### What needs to be done
Starting with the line that holds "1% and 13 Patch Set (Black and Red)" and stopping after the line that holds "United Airlines Infant Policy", repeat the lines below word for word, without the pictures.

### Data to process
:::

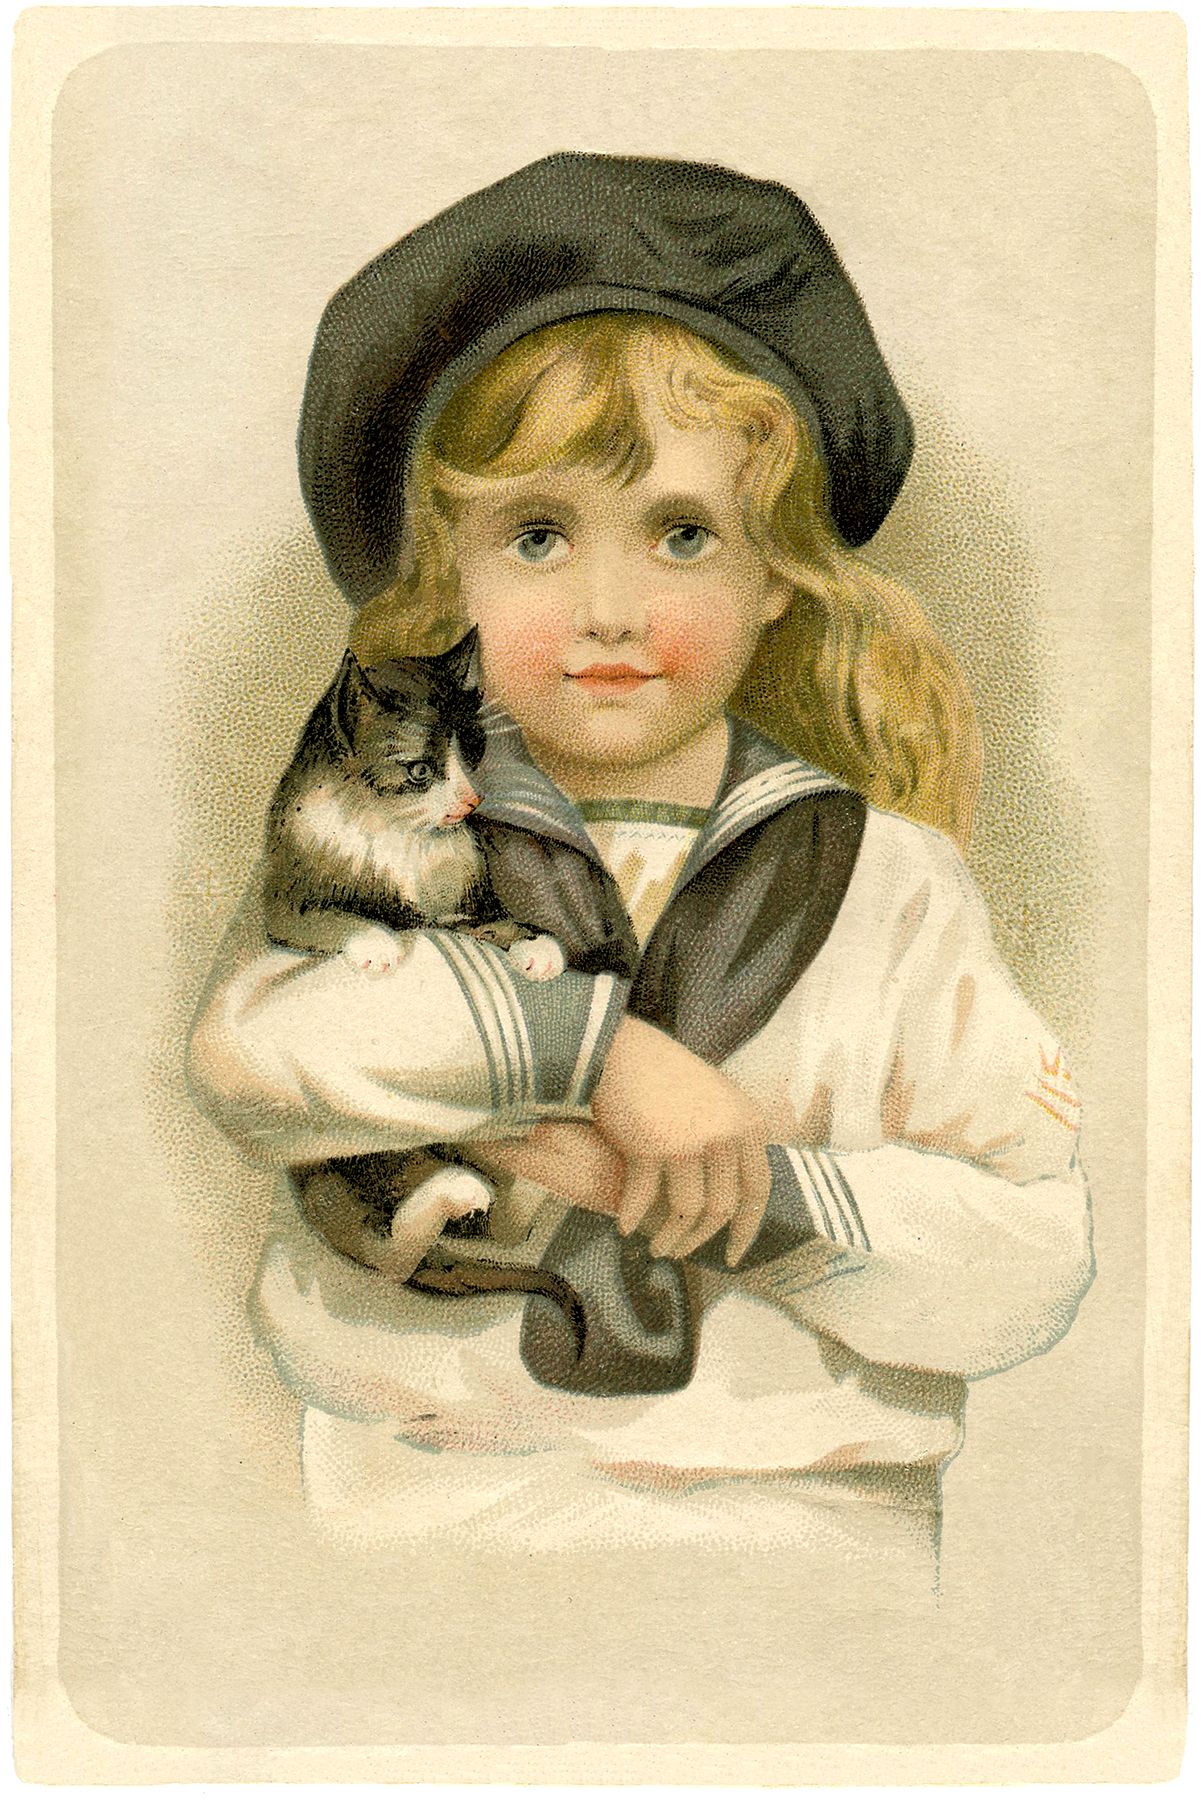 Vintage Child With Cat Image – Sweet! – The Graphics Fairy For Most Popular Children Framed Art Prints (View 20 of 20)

:::

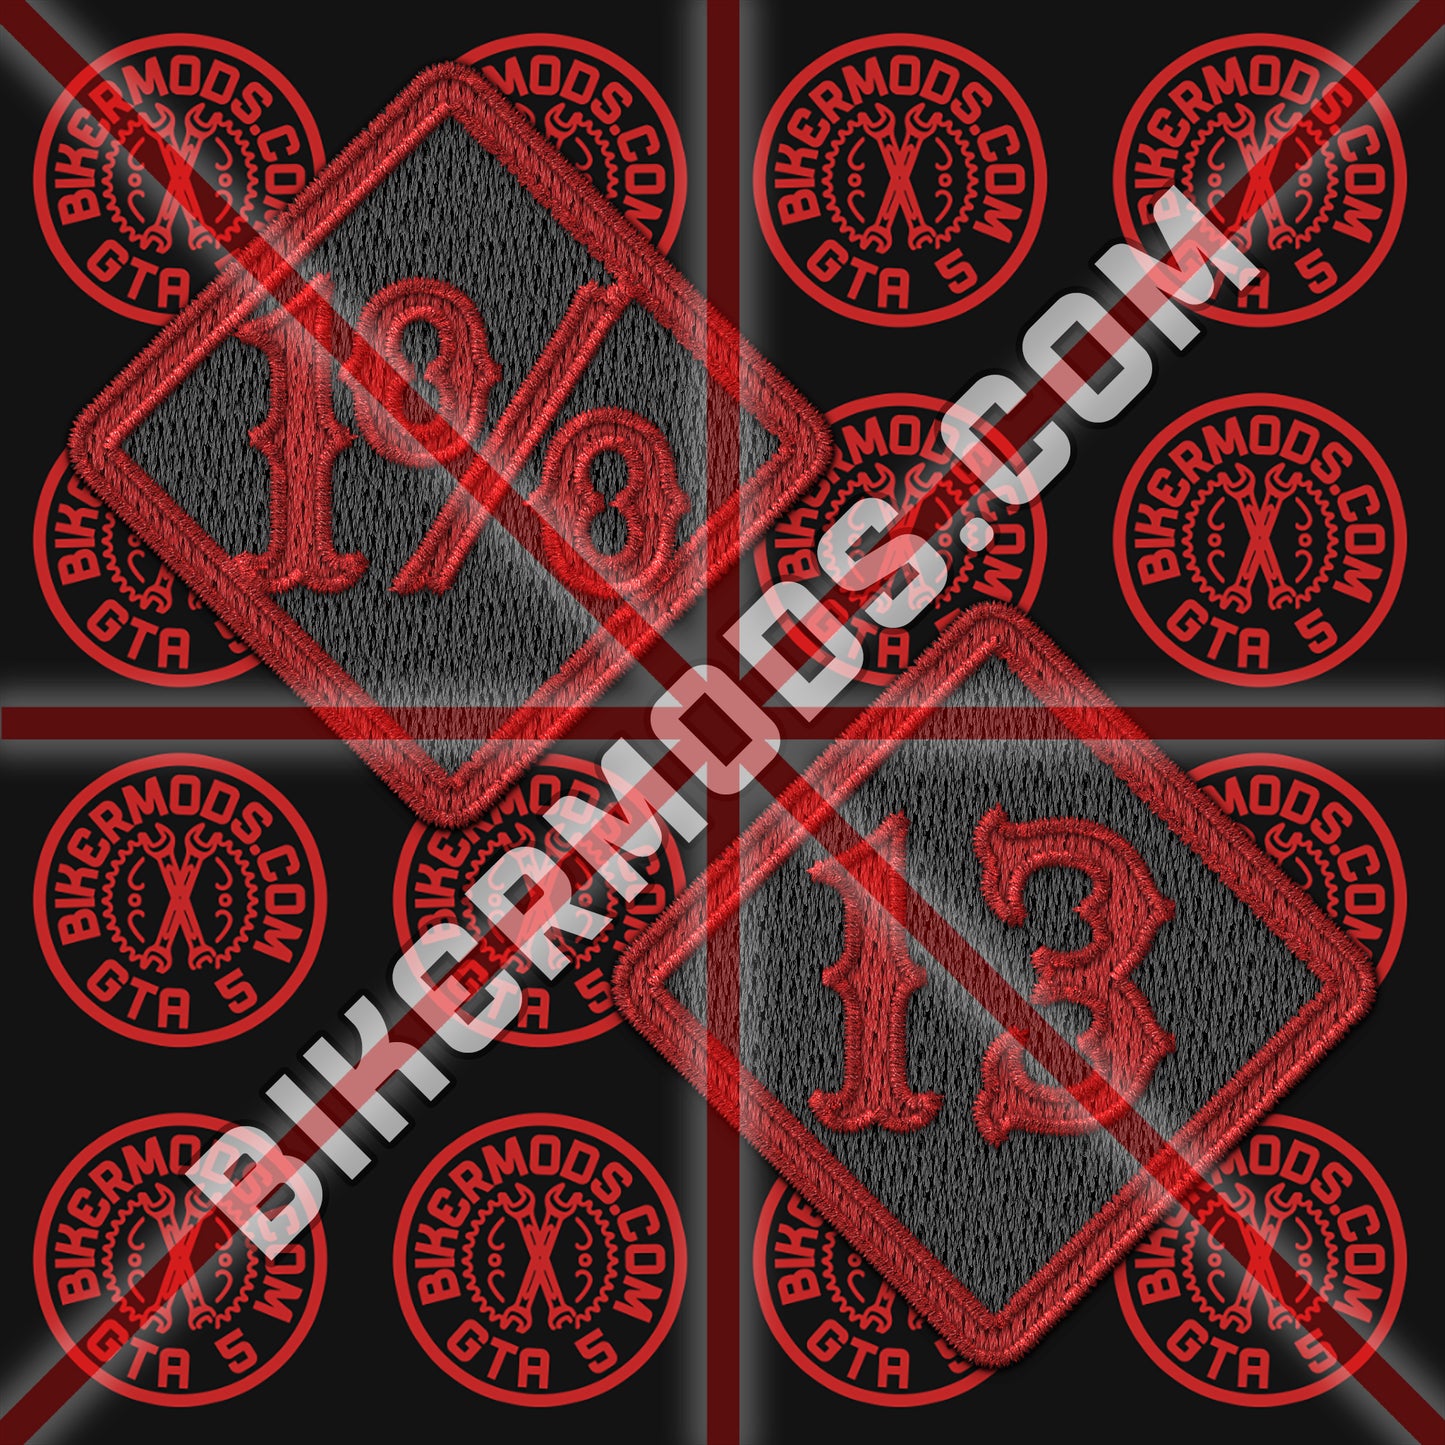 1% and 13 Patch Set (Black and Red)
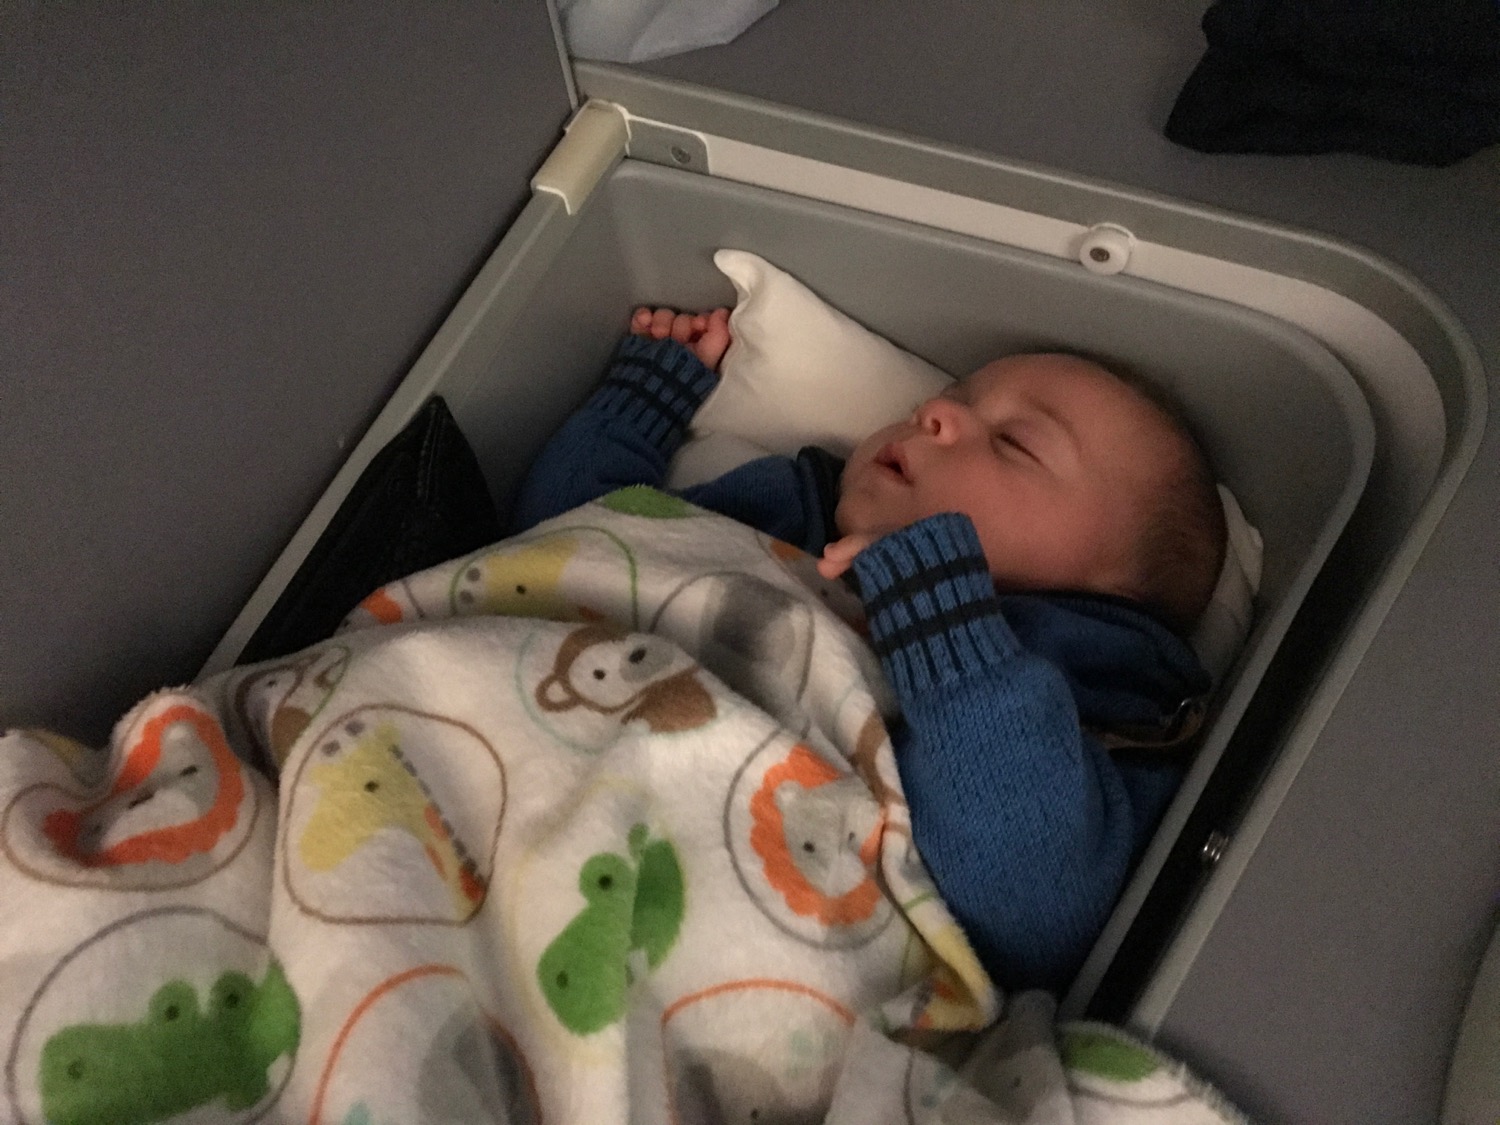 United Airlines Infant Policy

:::

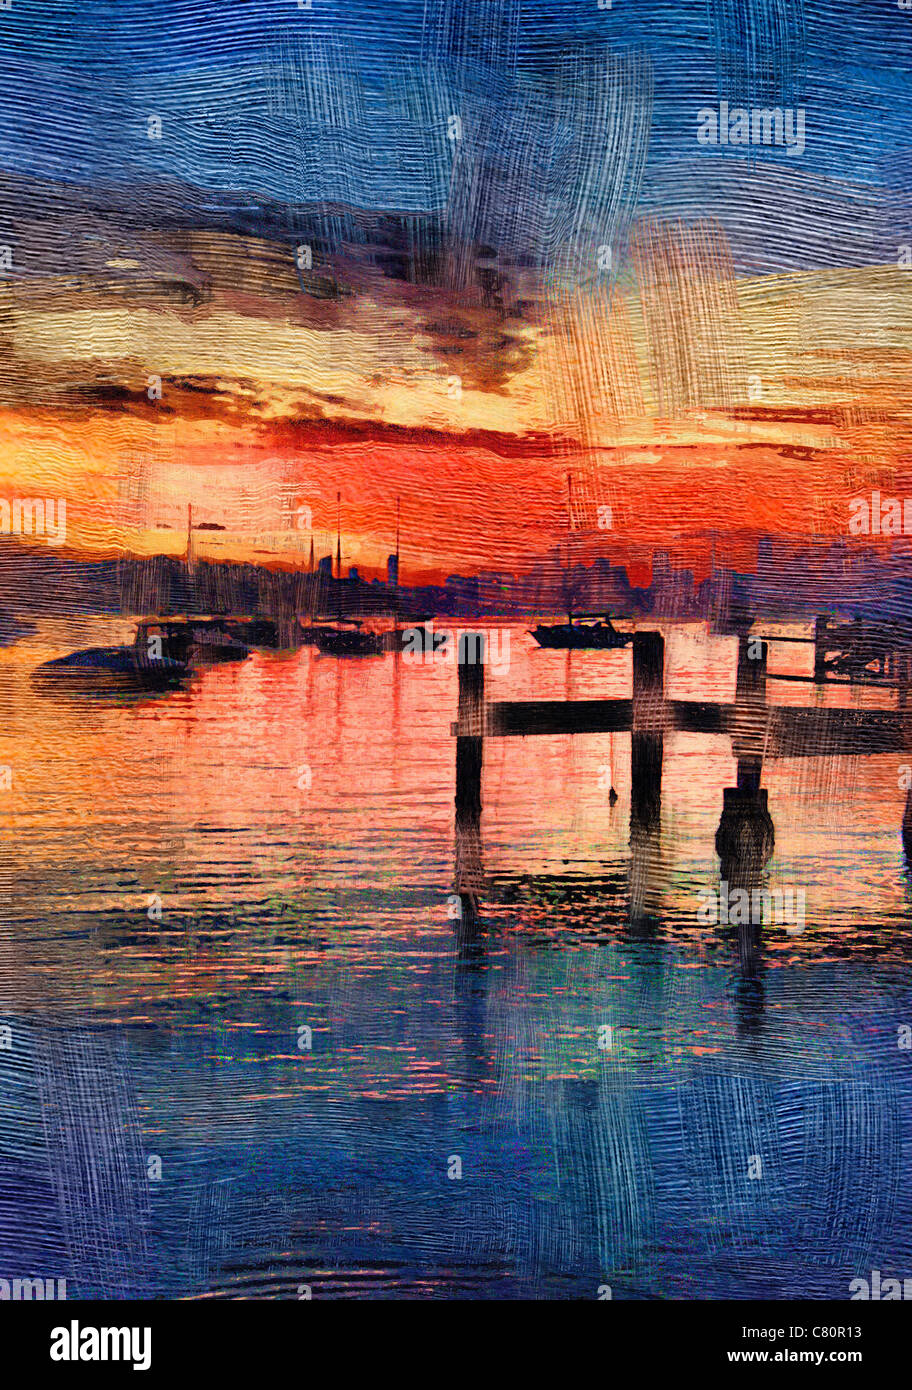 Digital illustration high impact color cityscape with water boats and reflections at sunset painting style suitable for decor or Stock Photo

:::

### The answer
 1% and 13 Patch Set (Black and Red)
 United Airlines Infant Policy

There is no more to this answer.